> _Dataset excerpt_
▬▬▬▬▬▬
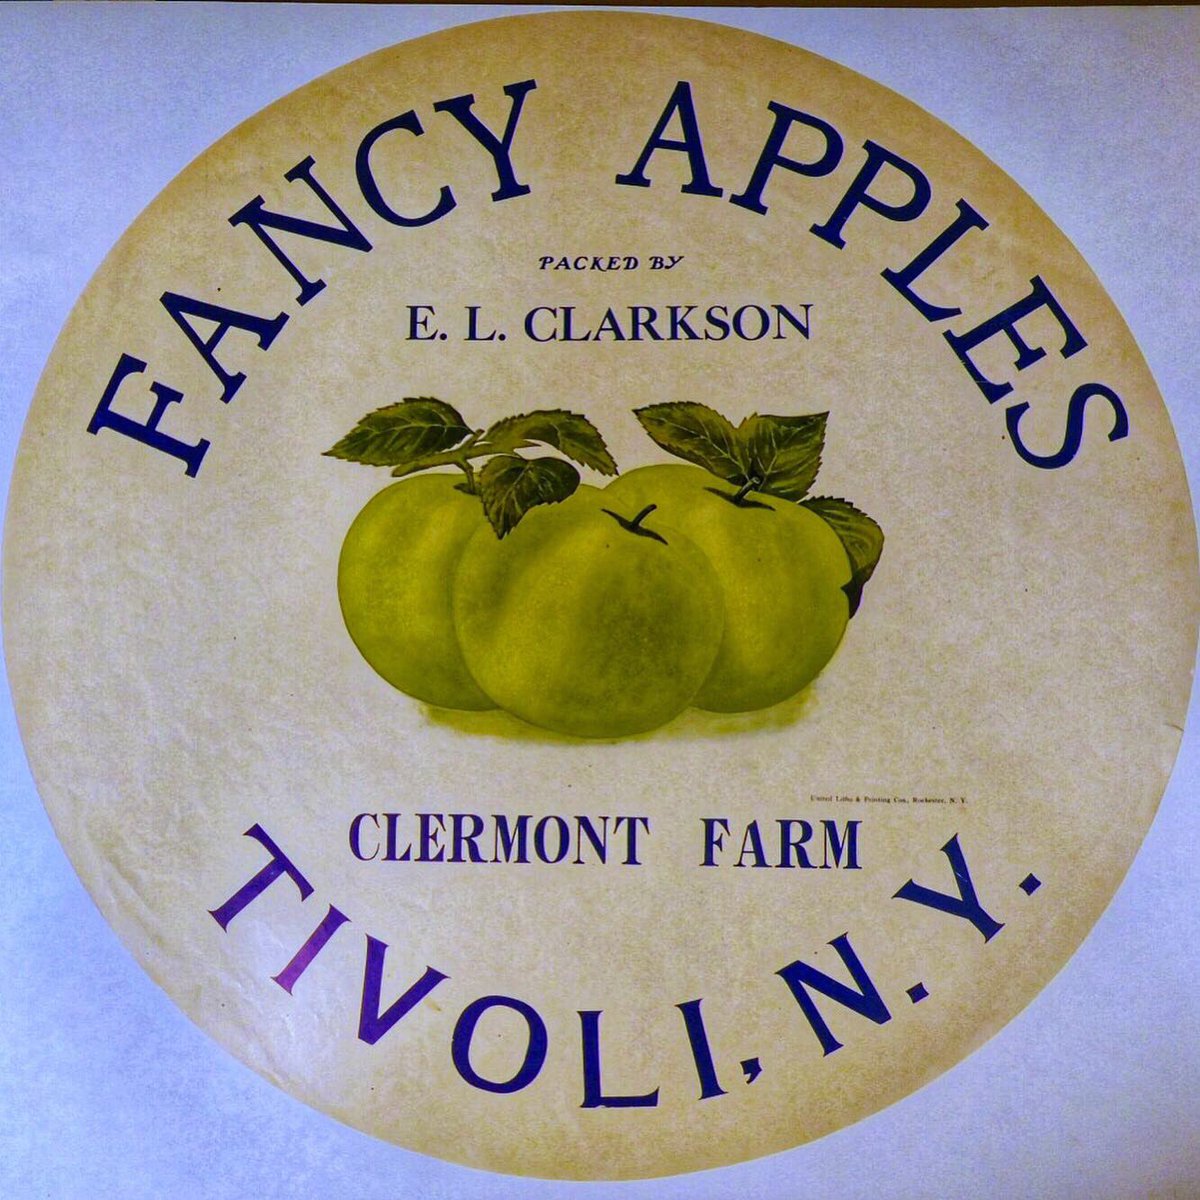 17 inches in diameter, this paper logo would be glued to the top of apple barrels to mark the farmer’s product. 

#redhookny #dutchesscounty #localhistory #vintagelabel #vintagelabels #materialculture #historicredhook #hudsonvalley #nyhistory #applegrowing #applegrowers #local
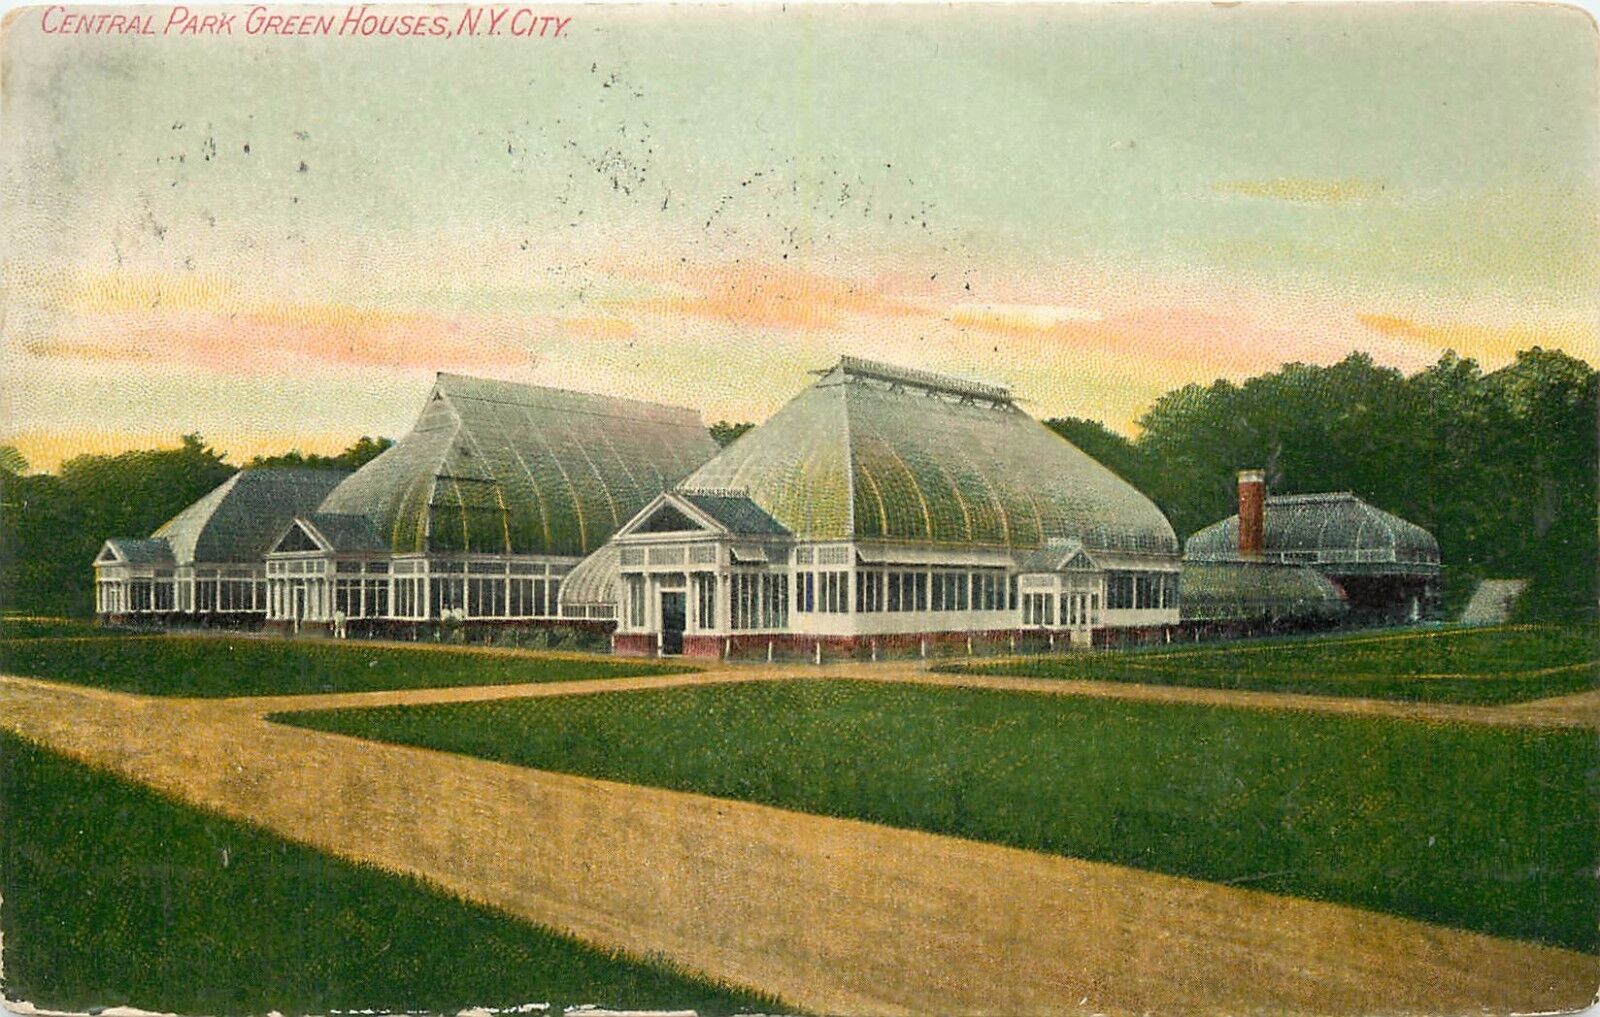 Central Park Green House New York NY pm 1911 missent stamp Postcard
▬▬▬▬▬▬
> _Task brief_
Copy exactly the lines that run from the line containing "#redhookny #dutchesscounty #localhistory" to the end of the data, keeping both end lines and dropping every picture.

> _Worked solution_
#redhookny #dutchesscounty #localhistory #vintagelabel #vintagelabels #materialculture #historicredhook #hudsonvalley #nyhistory #applegrowing #applegrowers #local
 Central Park Green House New York NY pm 1911 missent stamp Postcard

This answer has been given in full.